Глухой стон, скользящий сквозь стиснутые зубы. Огненный свет ламп пробегал по влажной коже. Шкуры слиплись под нею, мех приглажен потом.

Судороги прошли по её телу.

Второй раз.

Третий.

Снова.

Сжатие, толчок.

Крик.

Маленькое, слабое существо упало в шкуры, окутанное слизью и кровью.

Но схватки не прекращались.

Опять.

Снова.

Новая дрожь, новые спазмы, жар, пульсирующий волнами.

Рождение.

Ещё одно.

Затем тишина.

Только дыхание. Только снег, хлопьями бьющийся в стены. Сознание возвращалось медленно.

Сначала — тепло.

Не жар очага, не пульсирующий огонь магии, а что-то иное, тягучее, окутывающее, будто пелена.

Потом — странное ощущение, тянущее, слегка болезненное, но не причиняющее вреда.

Она вздрогнула, ресницы дрогнули, и её глаза, наконец, открылись.

Мягкий полумрак.

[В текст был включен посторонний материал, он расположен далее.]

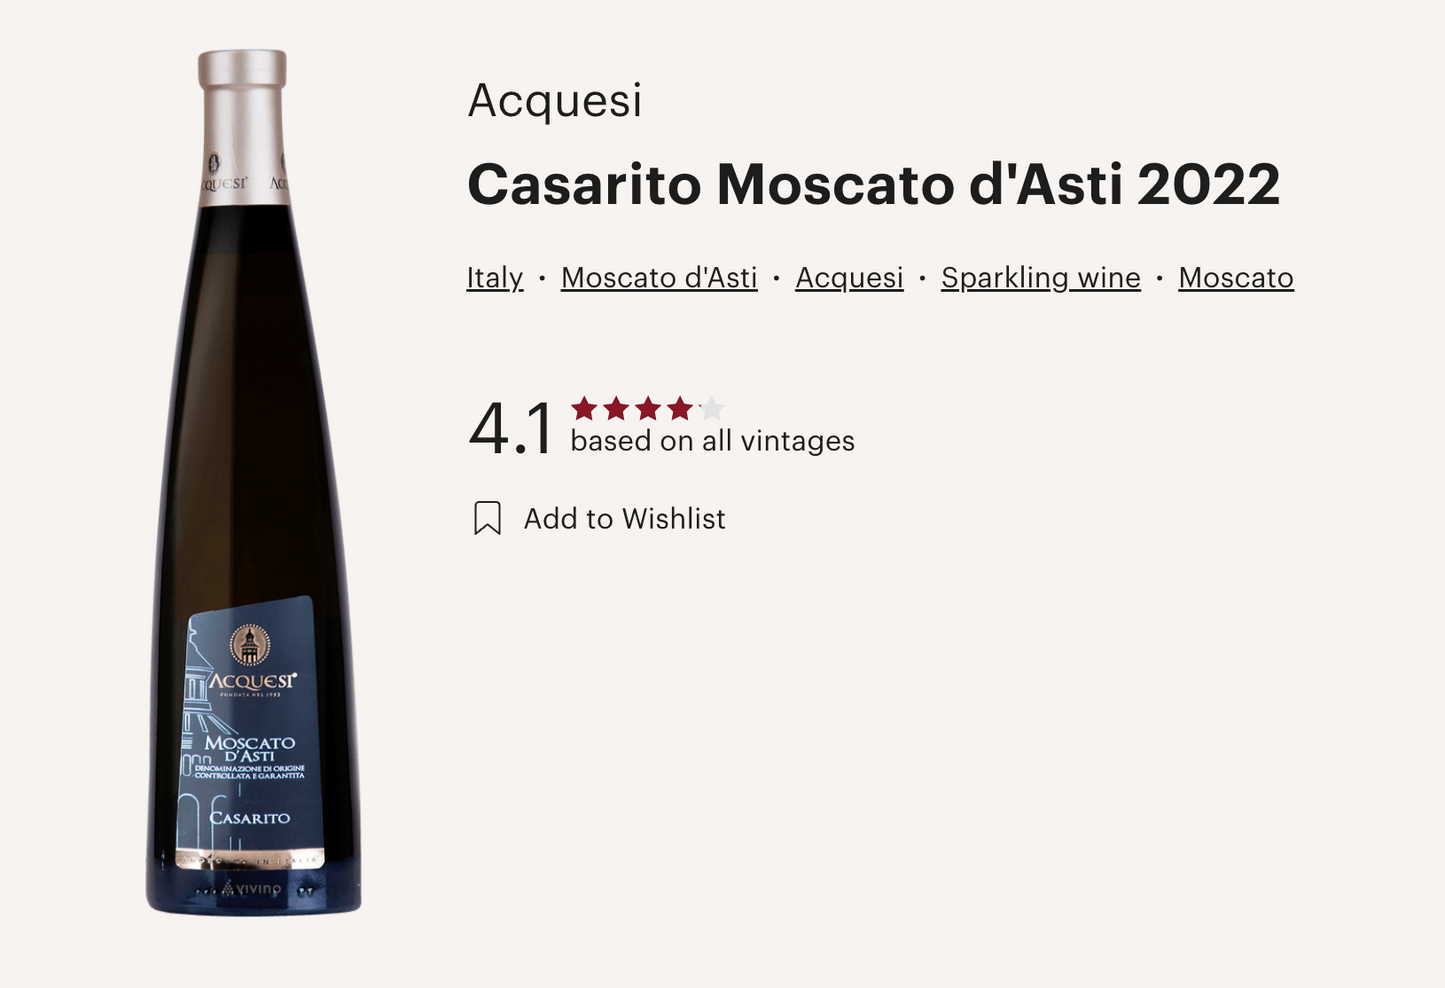 意大利 Acquesi Moscato D'Asti Casarito DOCG 2022 氣泡白酒
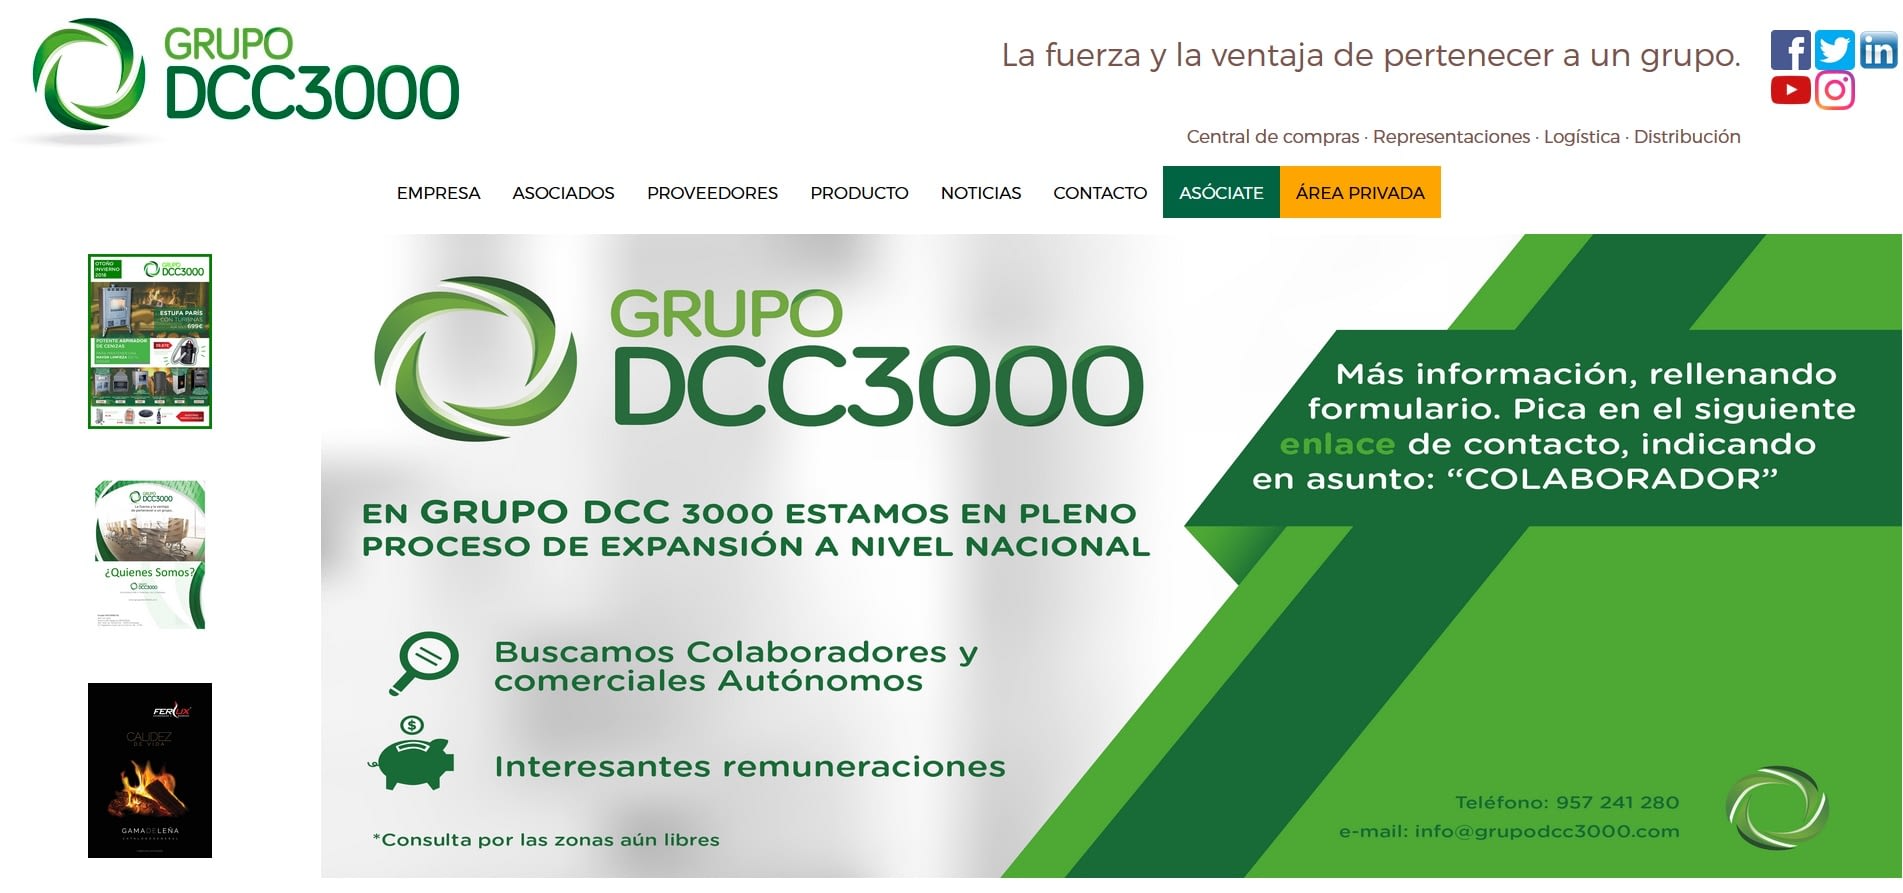 Grupo DCC3000

Ткань штор колыхалась, рассеивая бледный свет. Запах дерева, золы, меха.

А потом — движение.

Её взгляд медленно опустился вниз.

На неё, вцепившись маленькими ртами, прижимаясь к тёплой коже, жадно пили молоко крошечные существа.

Жеребята.

Единороги.

Пегасы.

Она застыла, не сразу осознавая, что происходит, но постепенно разум собрал разрозненные мысли воедино.

Она — мать первых пегасов и единорогов.

Глухой вздох сорвался с её губ. Голова тяжело упала обратно на подушки.

Какой же забавный поворот судьбы. Она и была той, кто породил два других племени, хоть и случайно.

Кто бы мог подумать?

Её взгляд скользнул в сторону. Тразис лежал рядом. Массивная, неподвижная фигура, покрытая шрамами и следами старых ран. Грудь равномерно поднималась и опадала, дыхание было спокойным, но глаза не были закрыты.

Он смотрел на неё. Безмолвно, спокойно, без вопросов.

Она моргнула, пробормотав, что, конечно, представляла себе праотца единорогов и пегасов несколько иначе.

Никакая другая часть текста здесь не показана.